### [What this task involves]
What is needed is an exact copy of the data below, pictures excluded.

### [Information shown]
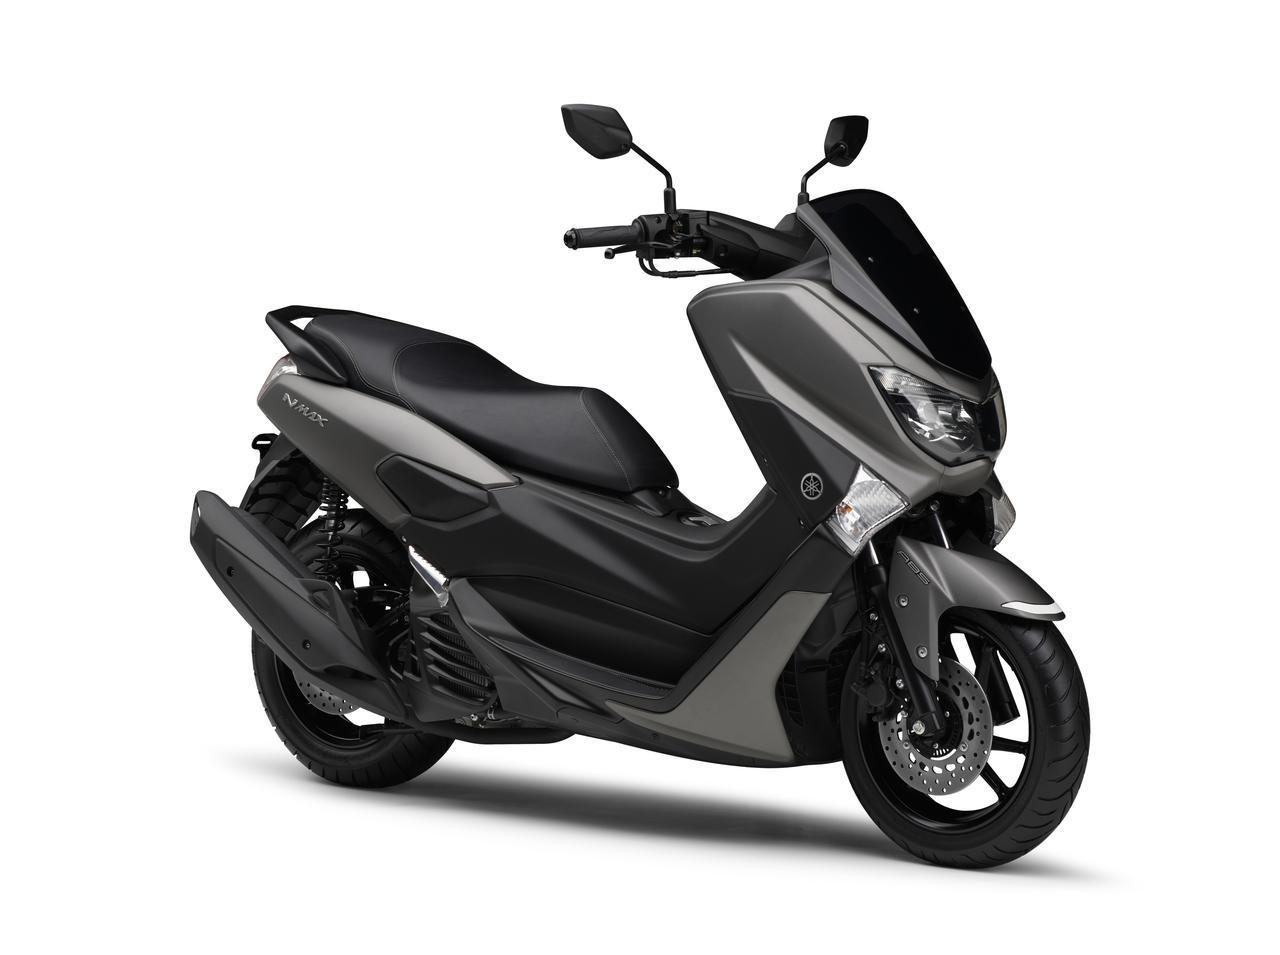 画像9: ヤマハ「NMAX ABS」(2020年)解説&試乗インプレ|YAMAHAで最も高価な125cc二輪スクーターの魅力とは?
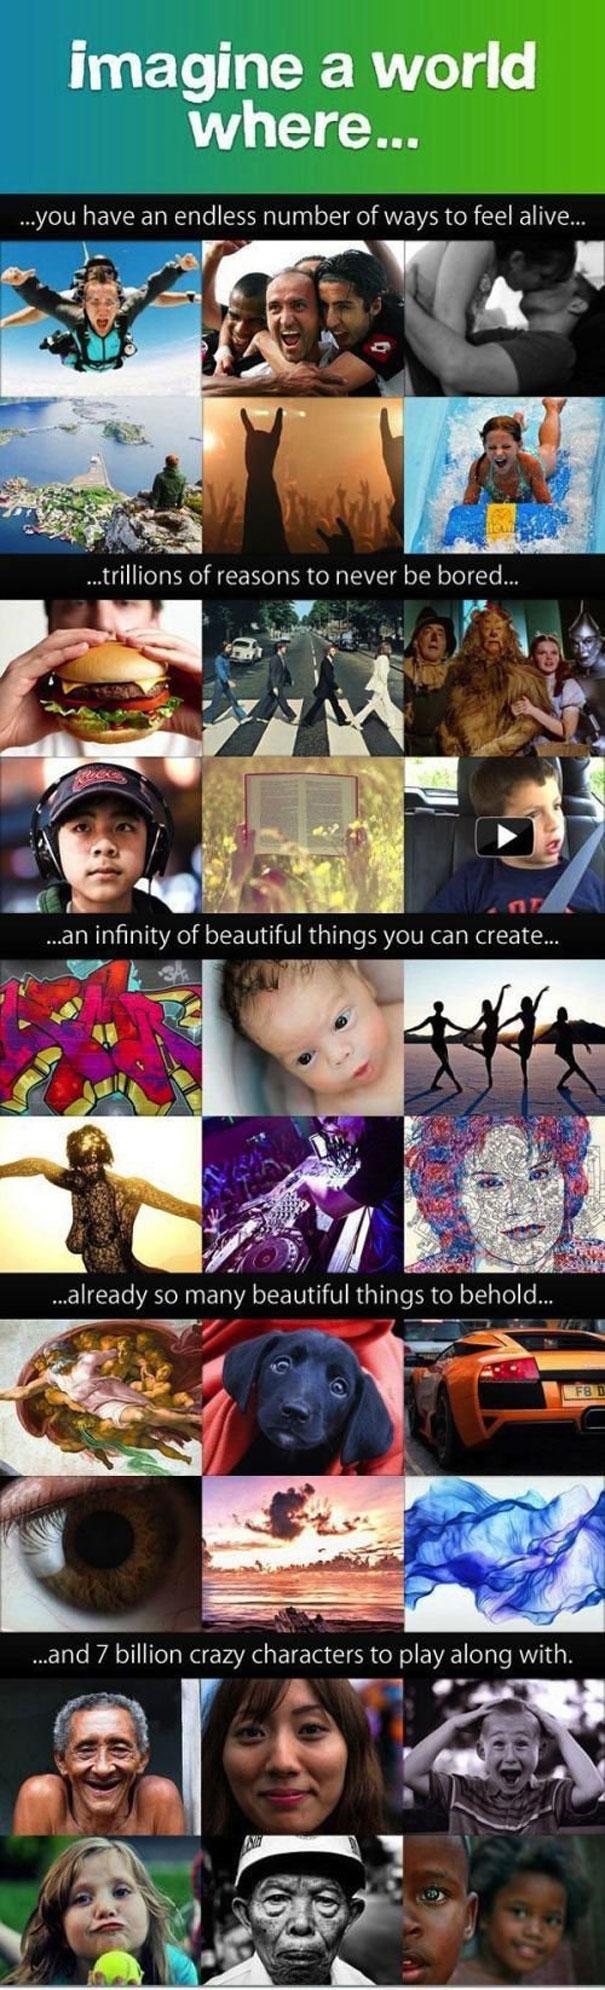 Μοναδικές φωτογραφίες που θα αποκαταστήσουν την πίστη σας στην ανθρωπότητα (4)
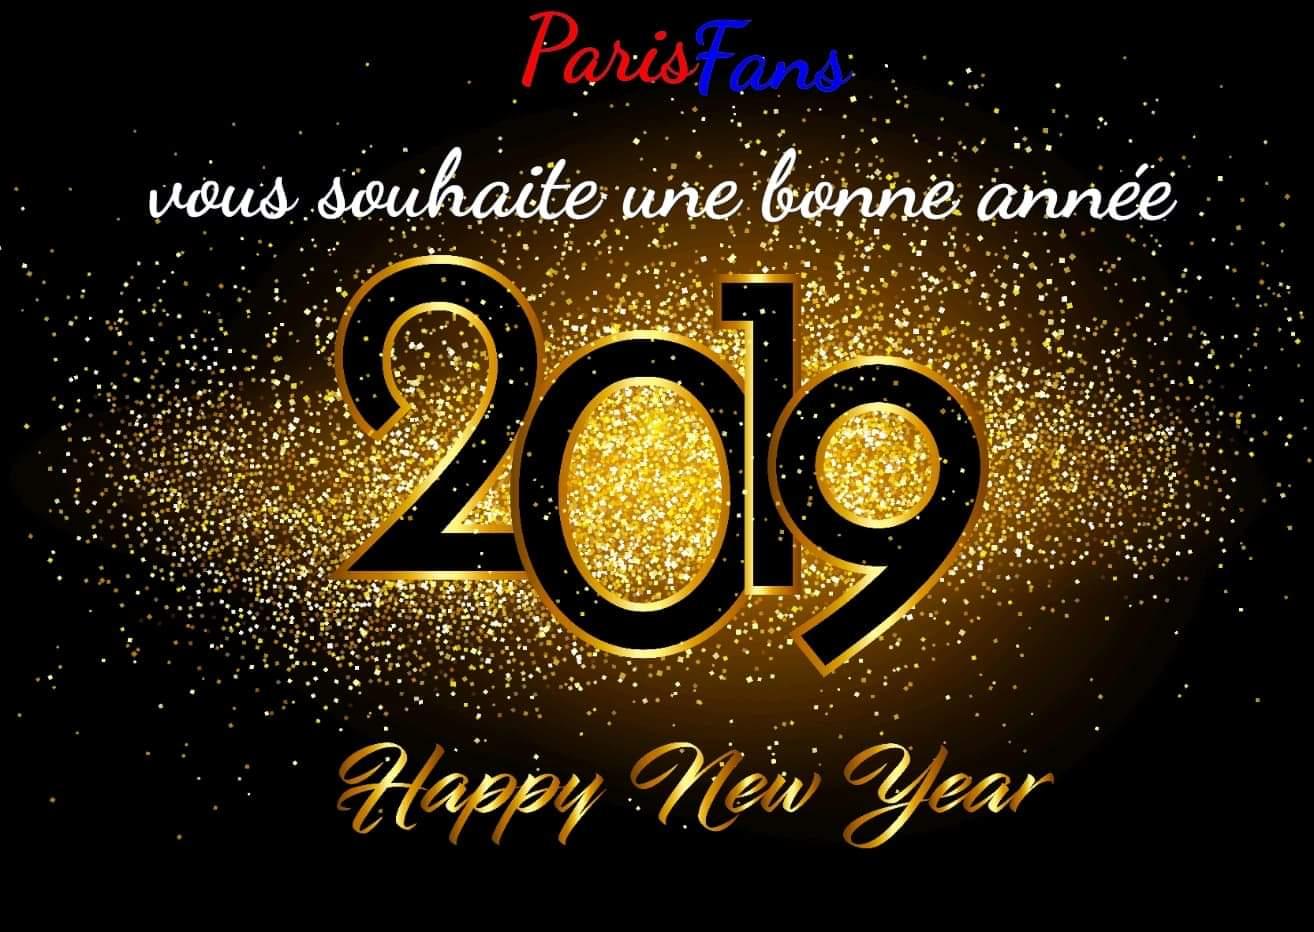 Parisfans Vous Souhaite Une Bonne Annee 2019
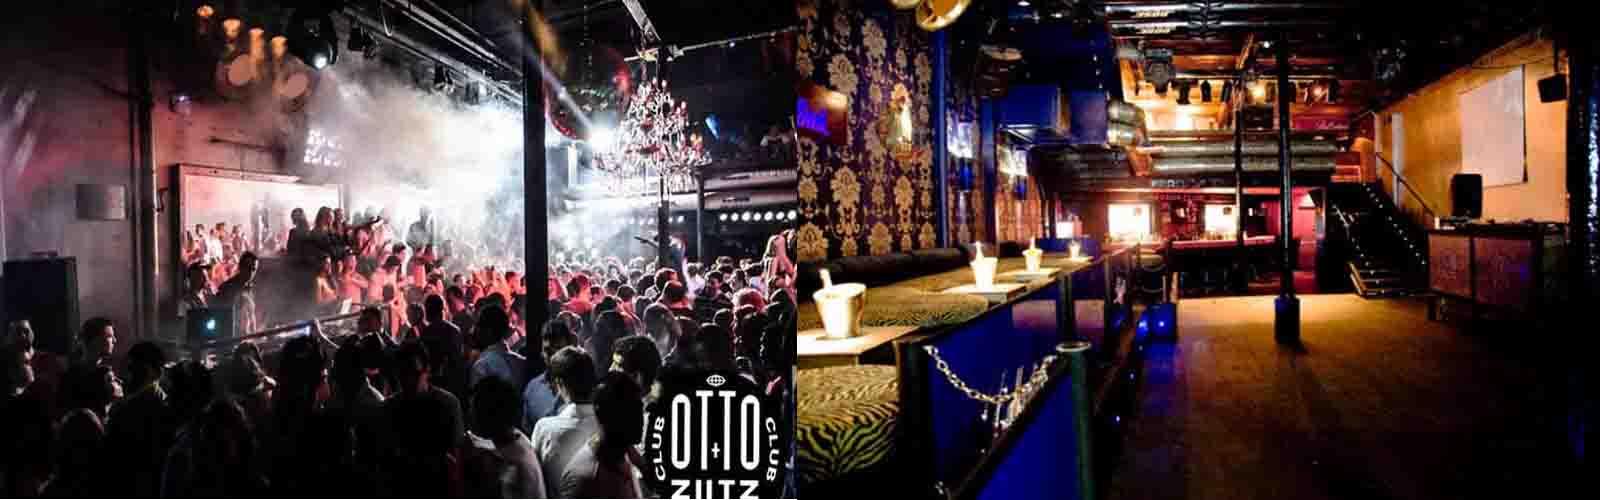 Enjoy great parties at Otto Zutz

### [Solution]
 画像9: ヤマハ「NMAX ABS」(2020年)解説&試乗インプレ|YAMAHAで最も高価な125cc二輪スクーターの魅力とは?
 Μοναδικές φωτογραφίες που θα αποκαταστήσουν την πίστη σας στην ανθρωπότητα (4)
 Parisfans Vous Souhaite Une Bonne Annee 2019
 Enjoy great parties at Otto Zutz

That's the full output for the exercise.